With sweetest milk and sugar first
I it at mine own fingers nurst;
And as it grew, so every day
It wax’d more white and sweet than they.
It had so sweet a breath! And oft
I blush’d to see its foot more soft
And white, shall I say than my hand?
Nay, any lady’s of the land.

It is a wond’rous thing how fleet
’Twas on those little silver feet;
With what a pretty skipping grace
It oft would challenge me the race;
And when ’t had left me far away,
’Twould stay, and run again, and stay,
For it was nimbler much than hinds,
And trod, as on the four winds.

I have a garden of my own,
But so with roses overgrown
And lilies, that you would it guess
To be a little wilderness;
And all the spring time of the year
It only loved to be there.
Among the beds of lilies I
Have sought it oft, where it should lie;
Yet could not, till itself would rise,
Find it, although before mine eyes;
For, in the flaxen lilies’ shade,
It like a bank of lilies laid.
Upon the roses it would feed
Until its lips ev’n seemed to bleed,
And then to me ’twould boldly trip
And print those roses on my lip.
But all its chief delight was still
On roses thus itself to fill,
And its pure virgin limbs to fold
In whitest sheets of lilies cold.
Had it liv’d long it would have been
Lilies without, roses within.

O help, O help!

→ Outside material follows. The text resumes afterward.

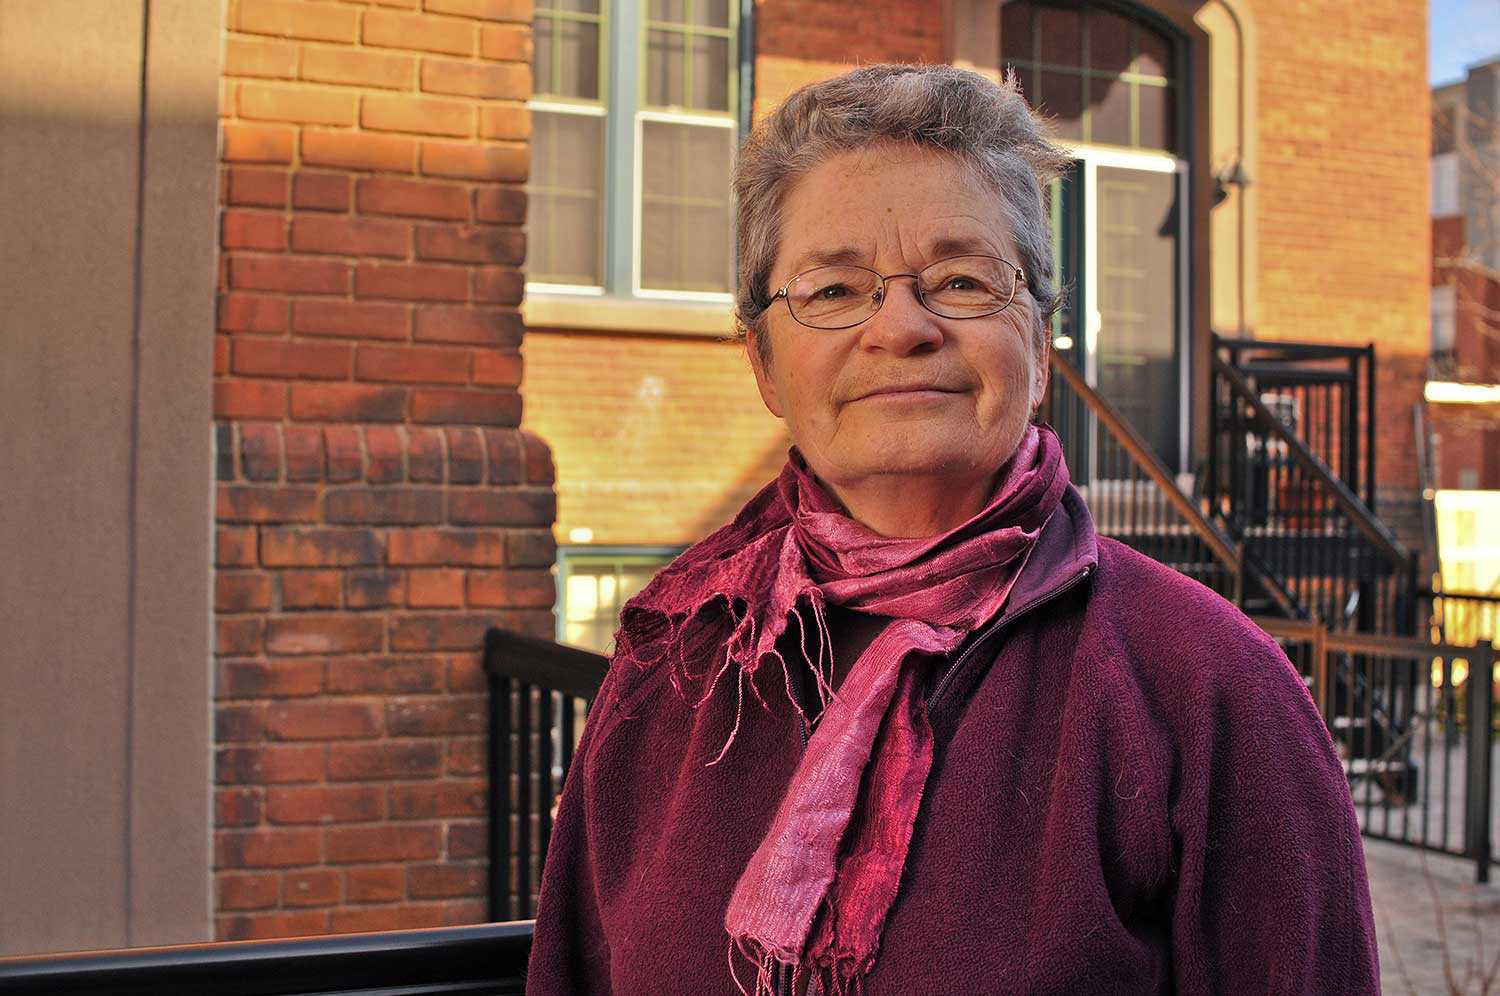 One heritage volunteer and activist is Linda Hoad, a retired librarian who has an encyclopedic knowledge of Hintonburg’s history and whose research has saved city staff hours of work over the years.
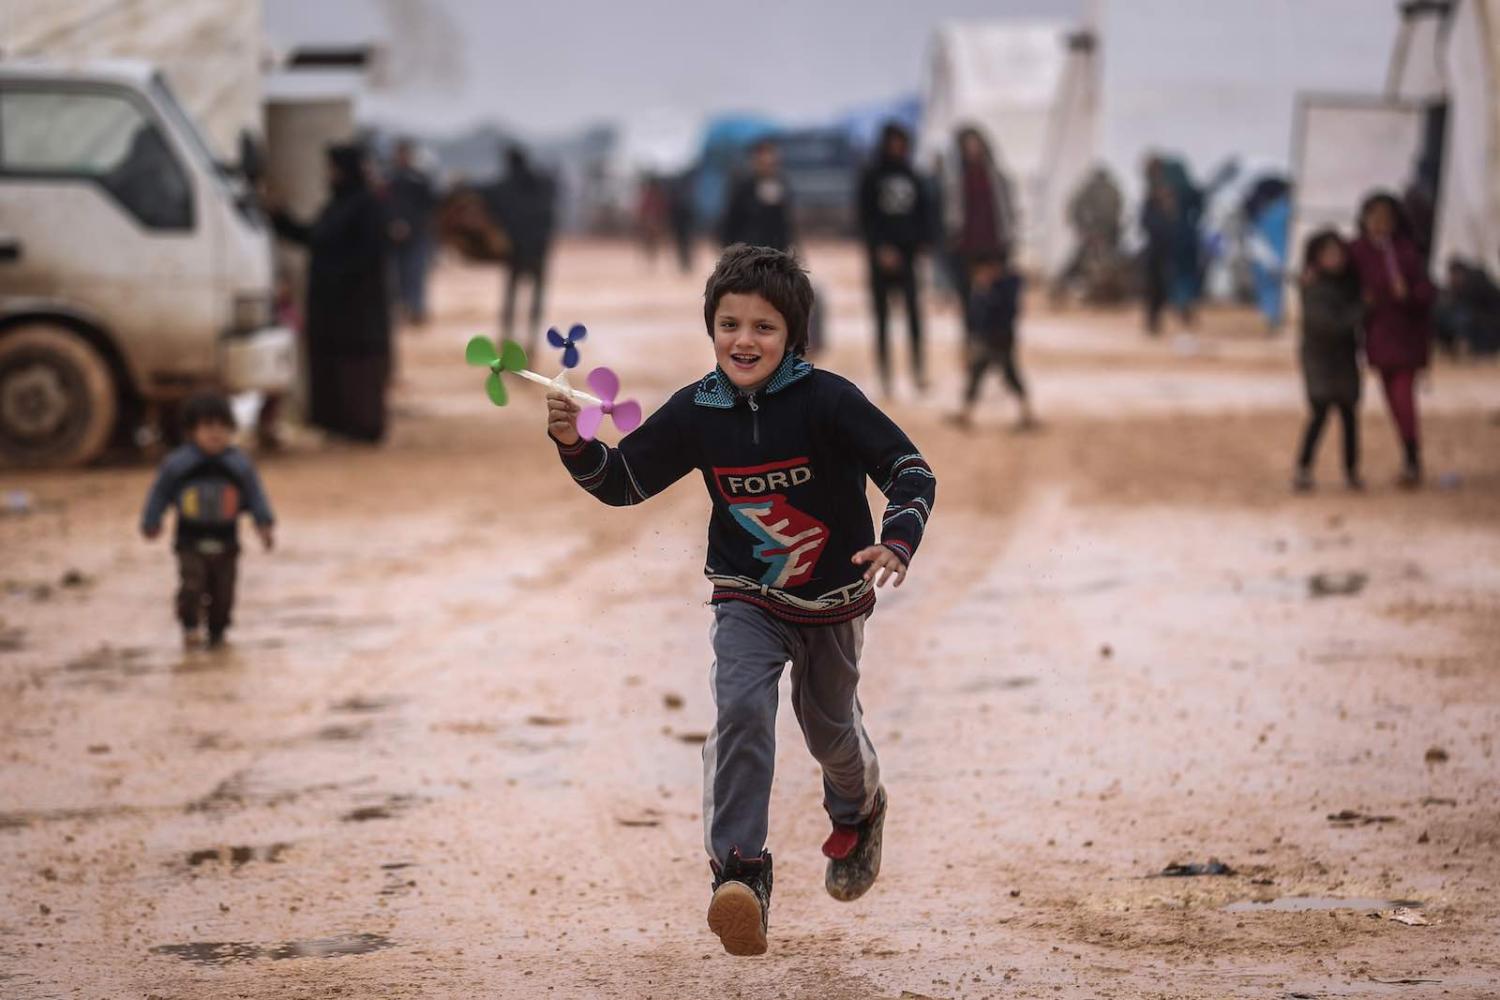 A boy plays at a makeshift camp for people displaced by conflict, Idlib, Syria, 6 February (Photo: Anas Alkharboutli/picture alliance via Getty Images)

I see it faint,
And die as calmly as a saint.
See how it weeps! The tears do come,
Sad, slowly dropping like a gum.
So weeps the wounded balsam, so
The holy frankincense doth flow;
The brotherless Heliades
Melt in such amber tears as these.

I in a golden vial will
Keep these two crystal tears, and fill
It till it do o’erflow with mine,
Then place it in Diana’s shrine.

Now my sweet fawn is vanish’d to
Whither the swans and turtles go,
In fair Elysium to endure
With milk-white lambs and ermines pure.
O do not run too fast, for I
Will but bespeak thy grave, and die.

First my unhappy statue shall
Be cut in marble, and withal
Let it be weeping too; but there
Th’ engraver sure his art may spare,
For I so truly thee bemoan
That I shall weep though I be stone;
Until my tears, still dropping, wear
My breast, themselves engraving there.
There at my feet shalt thou be laid,
Of purest alabaster made;
For I would have thine image be
White as I can, though not as thee.

See you in class tomorrow. BE PREPARED!